DATA:
---

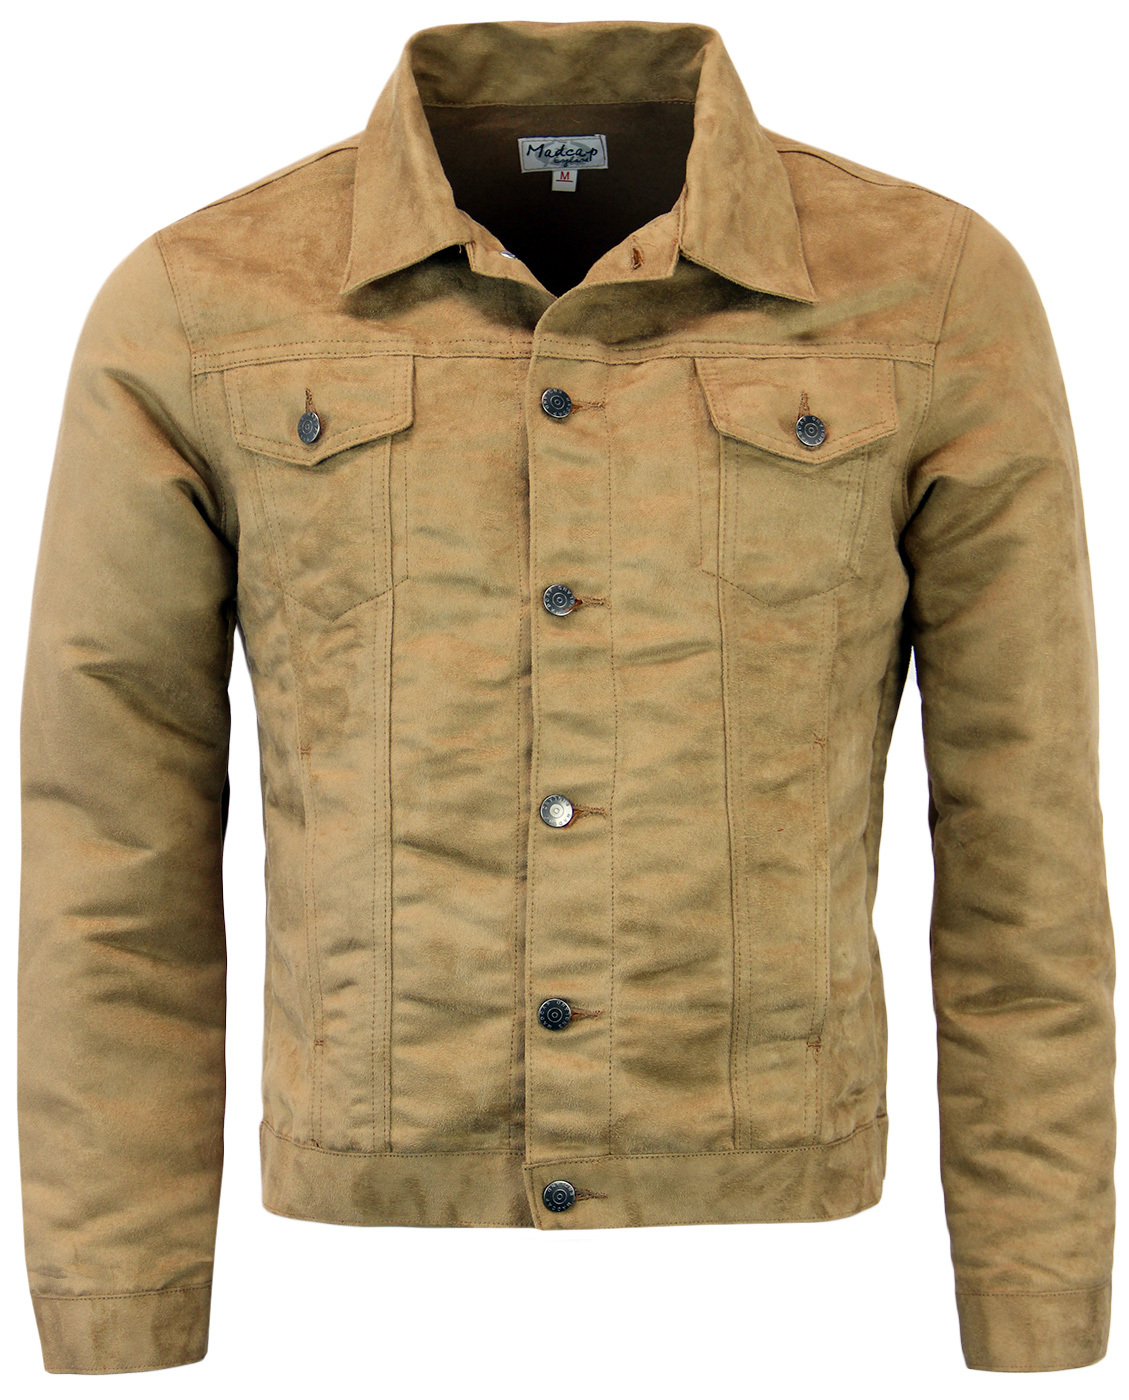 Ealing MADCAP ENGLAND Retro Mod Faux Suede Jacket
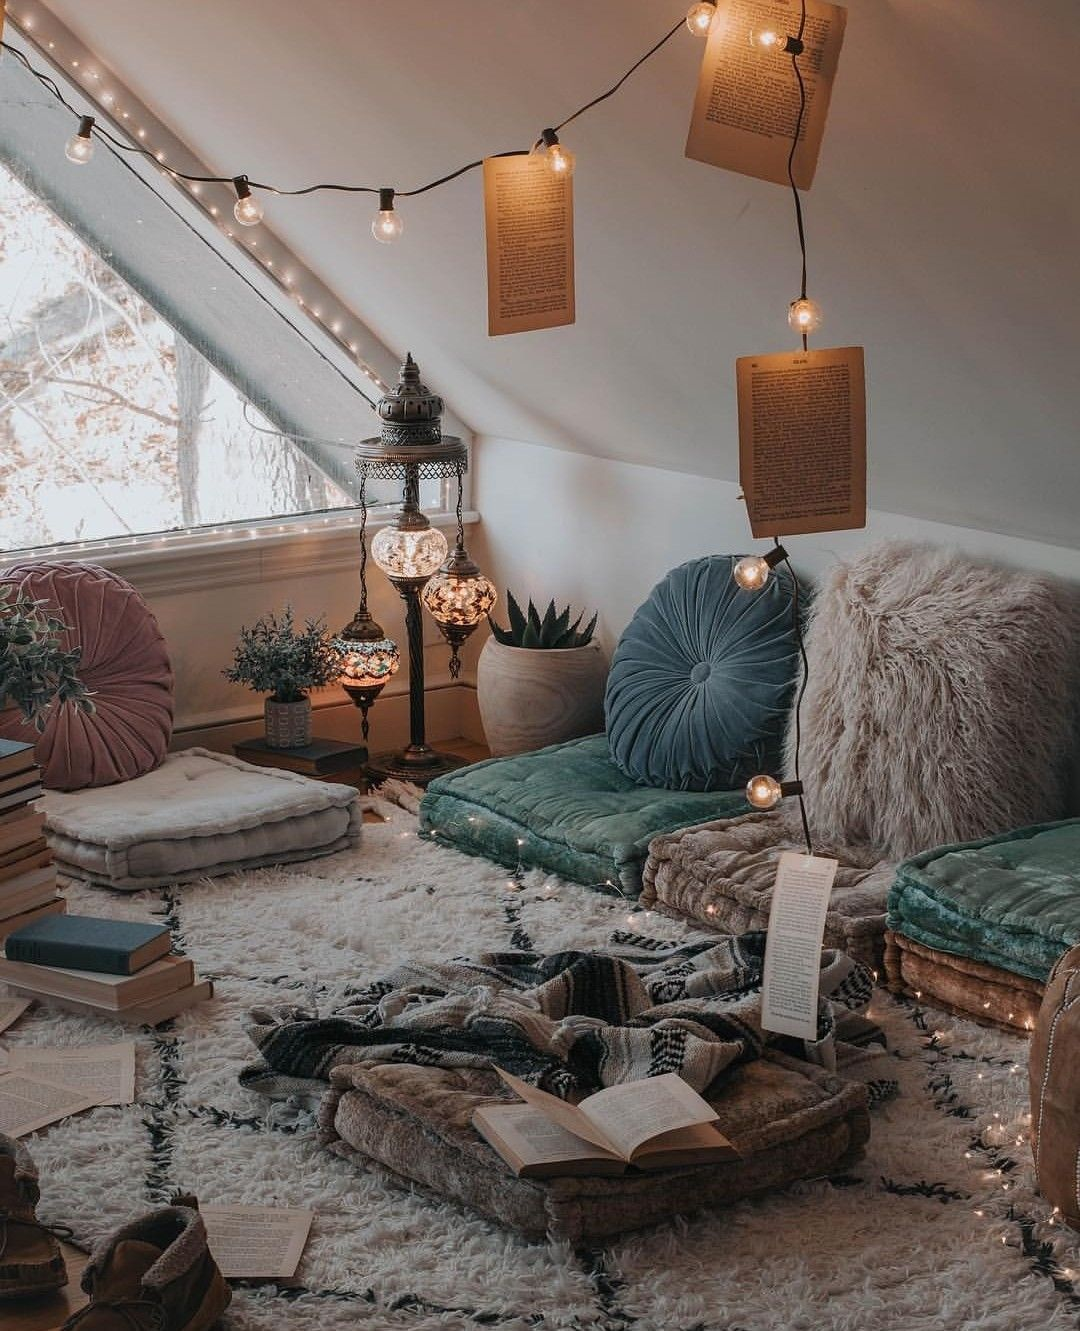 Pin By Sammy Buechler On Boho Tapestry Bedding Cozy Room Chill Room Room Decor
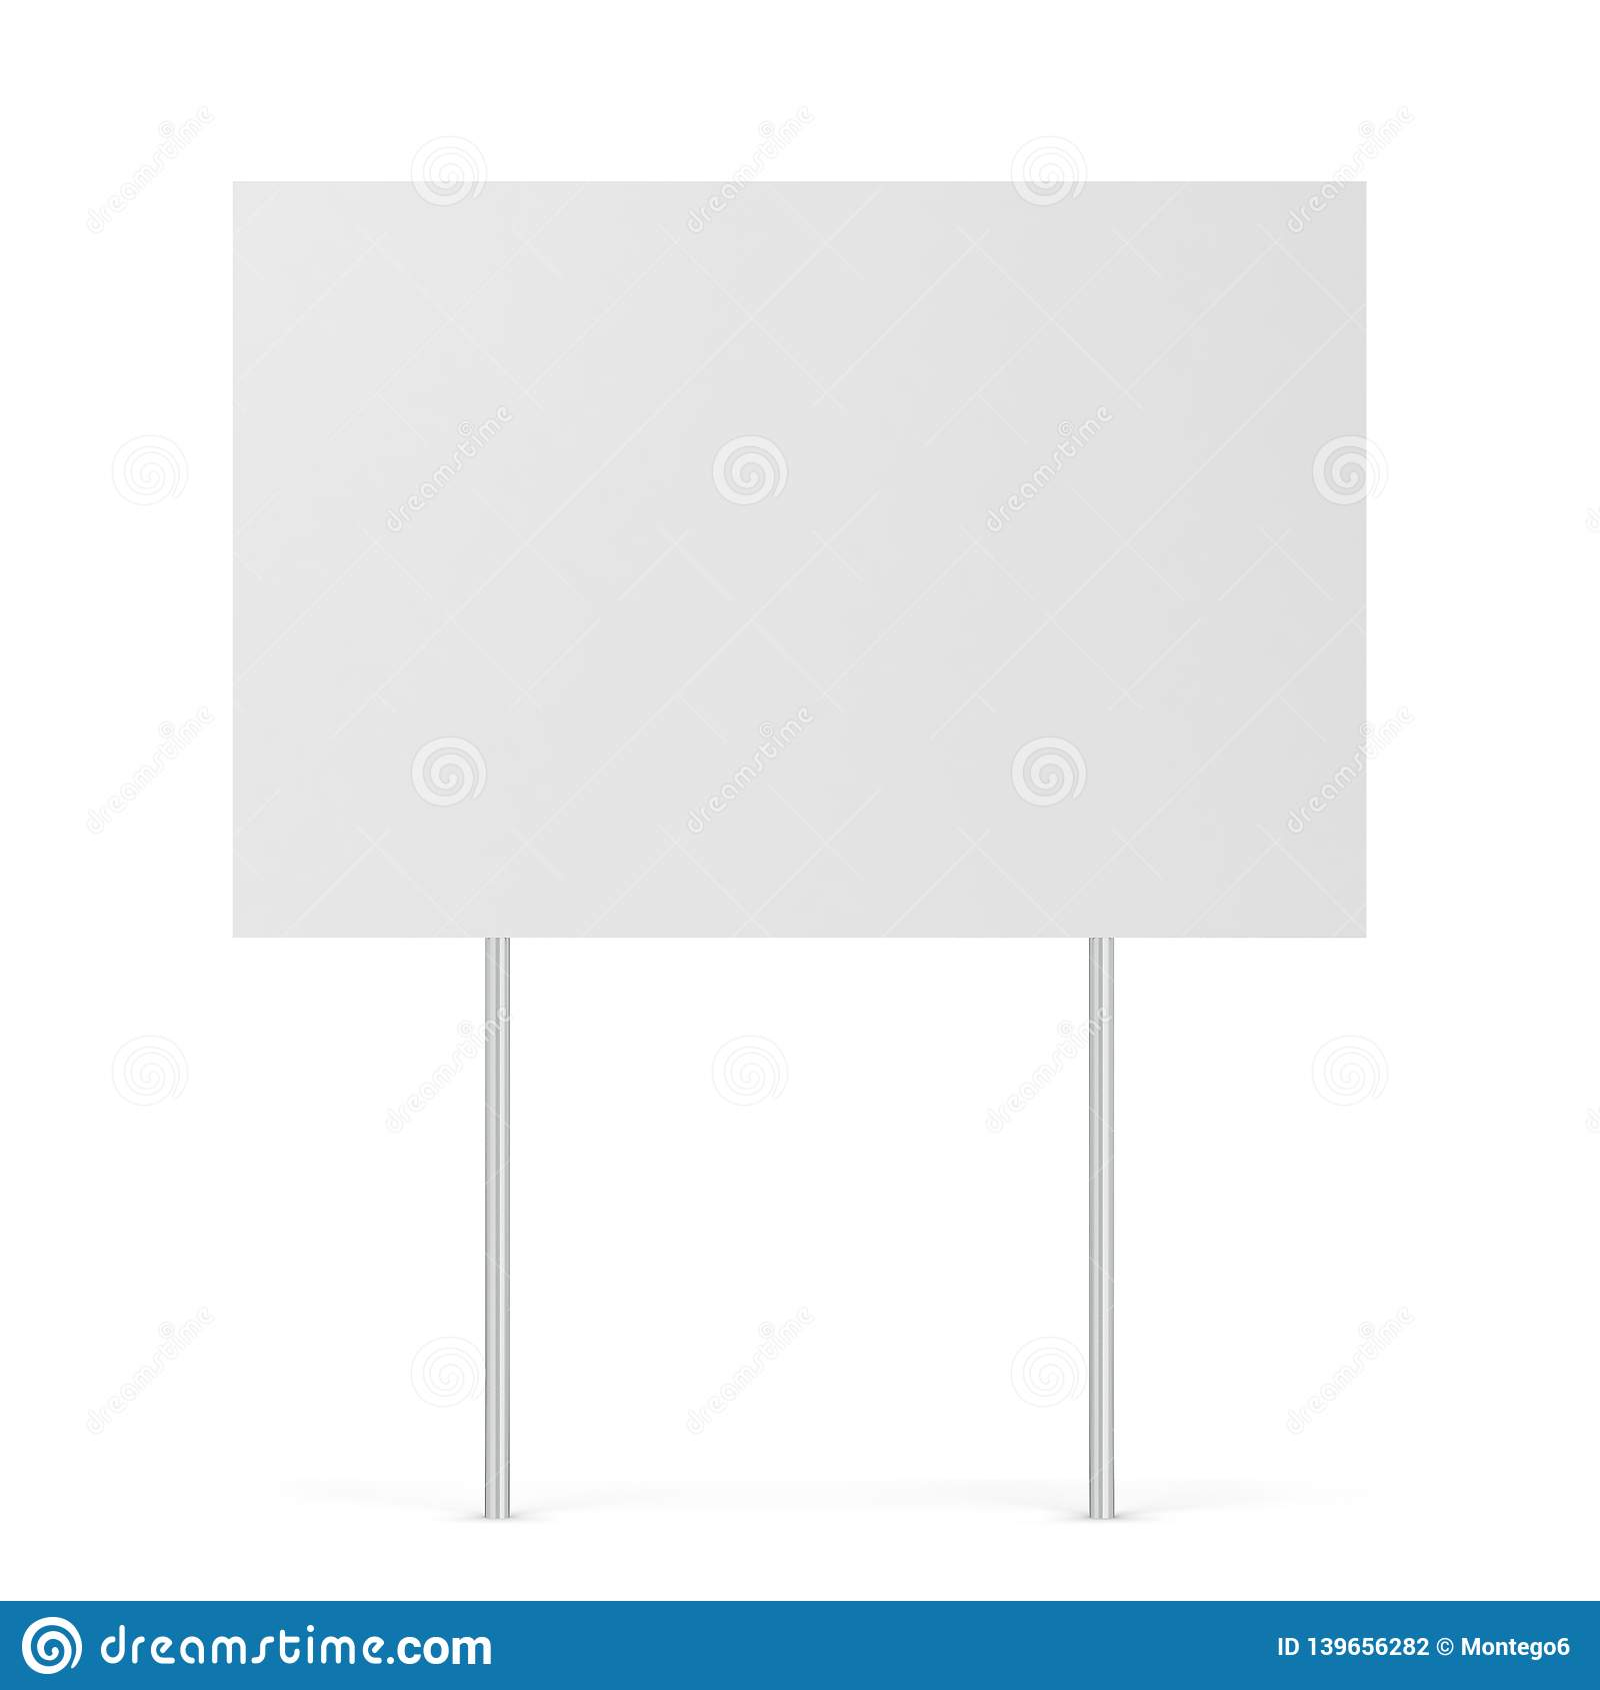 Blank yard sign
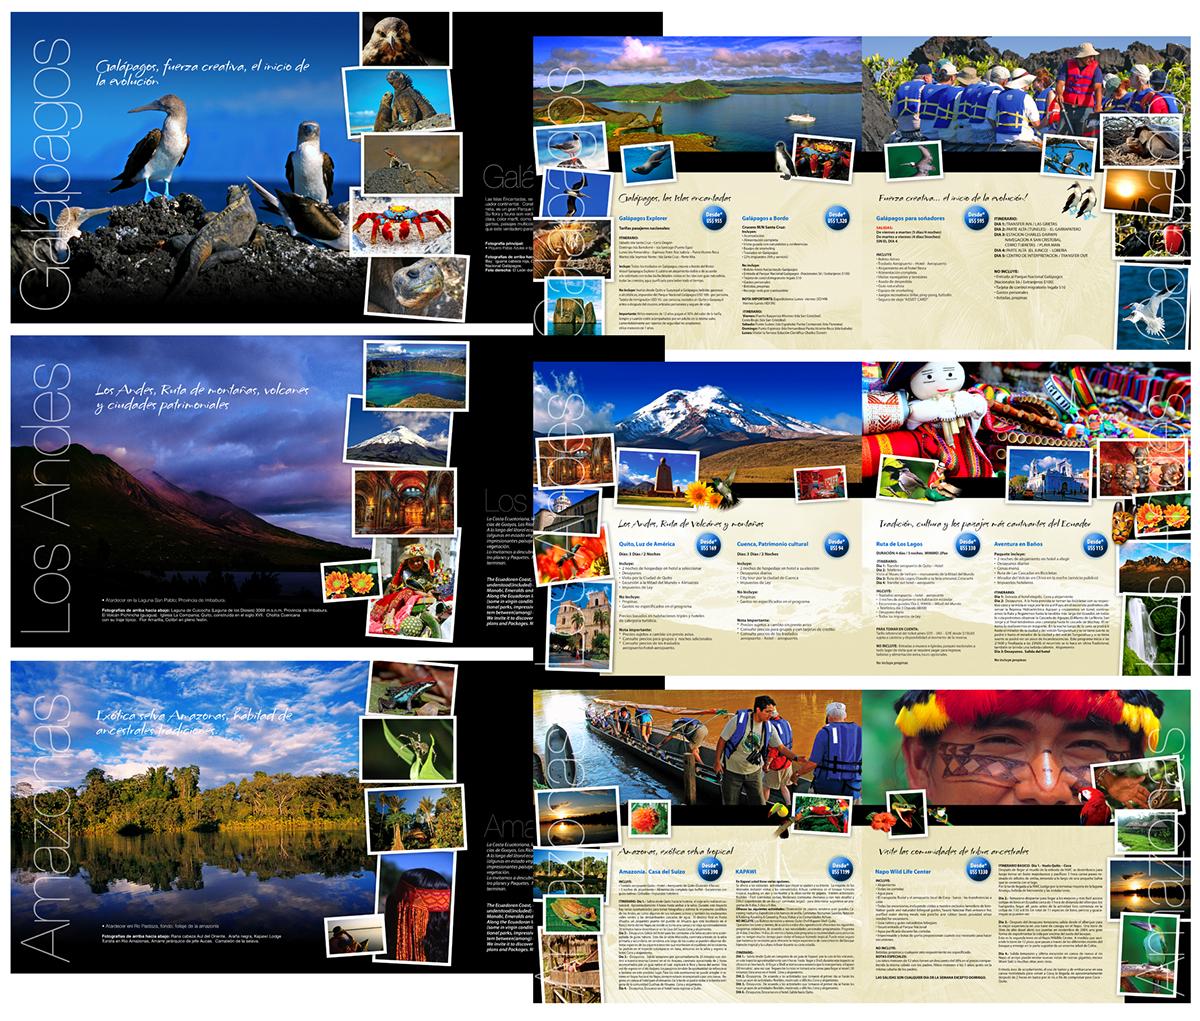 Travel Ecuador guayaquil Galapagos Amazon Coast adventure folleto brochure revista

---

ASSIGNED TASK:
Print the data again word for word, pictures excluded.

THE COMPLETED TASK:
 Ealing MADCAP ENGLAND Retro Mod Faux Suede Jacket
 Pin By Sammy Buechler On Boho Tapestry Bedding Cozy Room Chill Room Room Decor
 Blank yard sign
 Travel Ecuador guayaquil Galapagos Amazon Coast adventure folleto brochure revista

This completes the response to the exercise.